10 KiB
10 KiB
Vera-AI: Persistent Memory Proxy for Ollama
Vera-AI is a transparent proxy for Ollama that adds persistent memory using Qdrant vector storage. It sits between your AI client and Ollama, automatically augmenting conversations with relevant context from previous sessions.
Features
- Persistent Memory: Conversations are stored in Qdrant and retrieved contextually
- Monthly Curation: Daily and monthly cleanup of raw memories
- 4-Layer Context: System prompt + semantic memory + recent context + current messages
- Configurable UID/GID: Match container user to host user for volume permissions
- Timezone Support: Scheduler runs in your local timezone
- Debug Logging: Optional debug logs written to configurable directory
Prerequisites
- Ollama: Running LLM inference server (e.g.,
http://10.0.0.10:11434) - Qdrant: Running vector database (e.g.,
http://10.0.0.22:6333) - Docker: Docker and Docker Compose installed
- Git: For cloning the repository
Quick Start
# Clone the repository
git clone http://10.0.0.61:3000/SpeedyFoxAi/vera-ai-v2.git
cd vera-ai-v2
# Create environment file from template
cp .env.example .env
# Edit .env with your settings
nano .env
# Create required directories
mkdir -p config prompts logs
# Copy default config (or create your own)
cp config.toml config/
# Build and run
docker compose build
docker compose up -d
# Test
curl http://localhost:11434/
Full Setup Instructions
1. Clone Repository
git clone http://10.0.0.61:3000/SpeedyFoxAi/vera-ai-v2.git
cd vera-ai-v2
2. Create Environment File
Create .env file (or copy from .env.example):
# User/Group Configuration (match your host user)
APP_UID=1000
APP_GID=1000
# Timezone Configuration
TZ=America/Chicago
# API Keys (optional)
# OPENROUTER_API_KEY=your_api_key_here
Important: APP_UID and APP_GID must match your host user's UID/GID for volume permissions:
# Get your UID and GID
id -u # UID
id -g # GID
# Set in .env
APP_UID=1000 # Replace with your UID
APP_GID=1000 # Replace with your GID
3. Create Required Directories
# Create directories
mkdir -p config prompts logs
# Copy default configuration
cp config.toml config/
# Verify prompts exist (should be in the repo)
ls -la prompts/
# Should show: curator_prompt.md, systemprompt.md
4. Configure Ollama and Qdrant
Edit config/config.toml:
[general]
ollama_host = "http://YOUR_OLLAMA_IP:11434"
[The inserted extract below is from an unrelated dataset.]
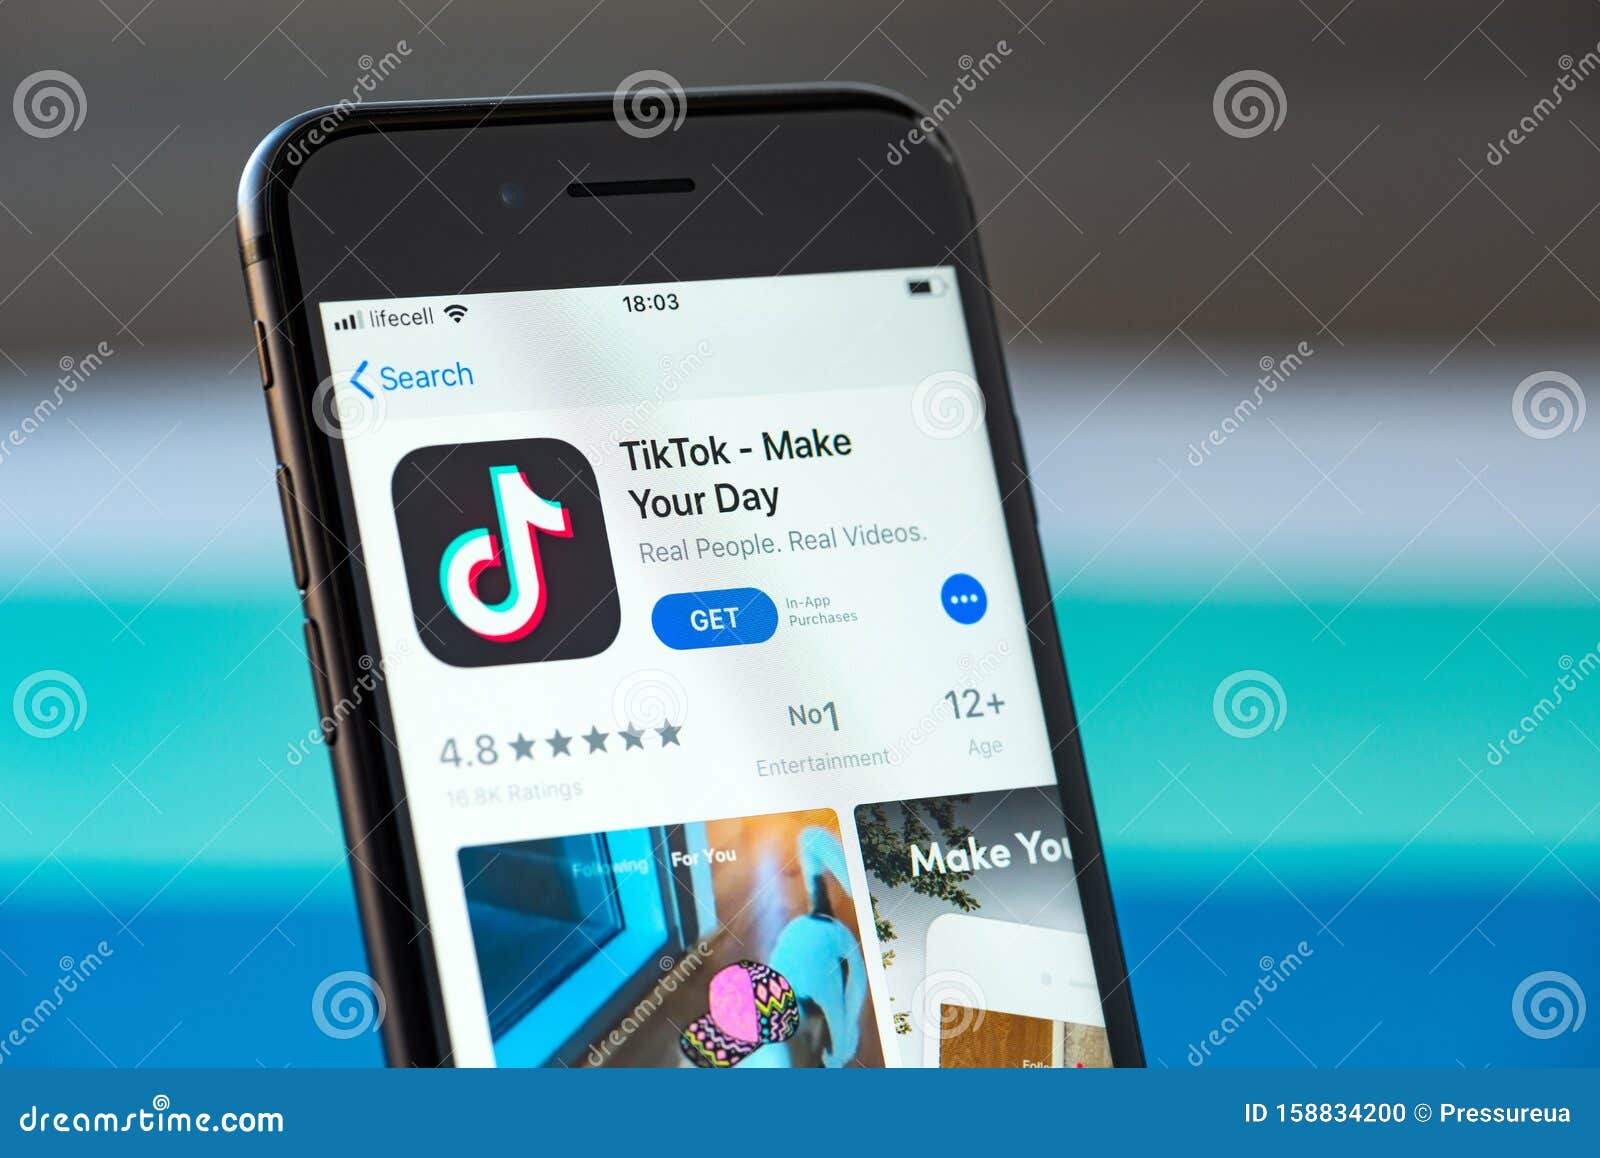 Tiktok Application On Apple Iphone 8 Screen Editorial Image

qdrant_host = "http://YOUR_QDRANT_IP:6333"
qdrant_collection = "memories"
embedding_model = "snowflake-arctic-embed2"
debug = false
[layers]
semantic_token_budget = 25000
context_token_budget = 22000
semantic_search_turns = 2
semantic_score_threshold = 0.6
[curator]
run_time = "02:00" # Daily curator time
full_run_time = "03:00" # Monthly full curator time
full_run_day = 1 # Day of month (1st)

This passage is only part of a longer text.